Background · context and trade-offs
The pattern only earns its name when the transfer is the agent's own decision and the chosen specialist takes the conversation forward without supervision. A triage agent inspects the request, picks among a registry of specialists, and yields control; the specialist may hand back, hand to a peer, or finish. Roles are encoded as system prompts plus narrow tool surfaces, and the handoff vocabulary as the names of the transfer tools. Every transition is then a recorded tool call with arguments, replayable from the trace and editable by changing one specialist's instructions without touching the others.

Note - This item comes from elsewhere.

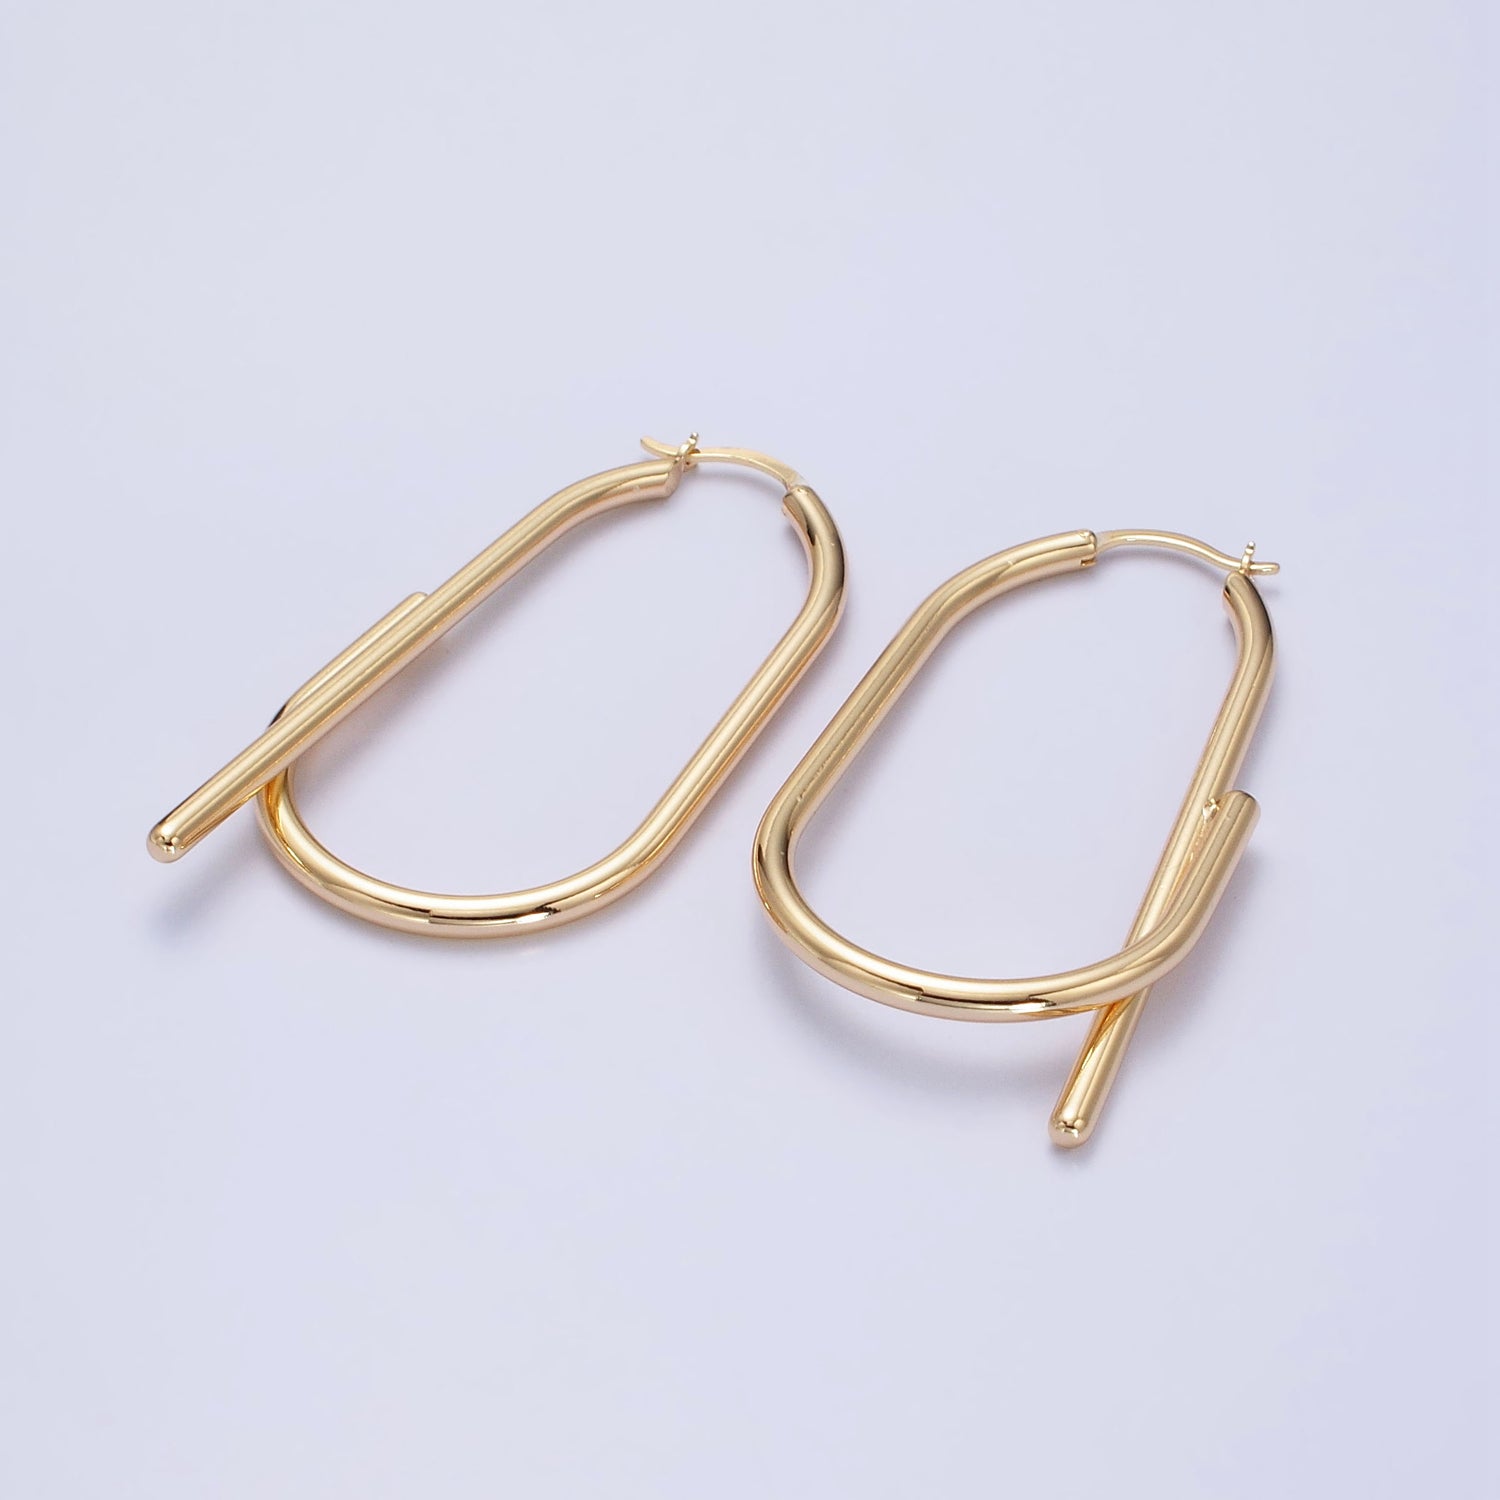 Gold Twisted Oval Hinged Hoop Earring with Hinged Closure Silver Big Oval Hoop Statement Jewelry AB733 AB942

Handoffs sit next to but distinct from Routing, Orchestrator-Workers, and Multi-Agent Debate. Routing is a one-shot classifier that fires before any agent runs and never re-routes; orchestrator-workers keeps a central planner that fans sub-tasks out in parallel and synthesises; multi-agent debate runs peer agents in parallel and cross-critiques. Handoffs are sequential and peer-to-peer — exactly one agent is live at any moment and the context is the message history itself. The cost is operational: deciding which agent owns scope creep, preventing two specialists from ping-ponging the same request, and bounding how many turns the swarm can spend electing not to finish.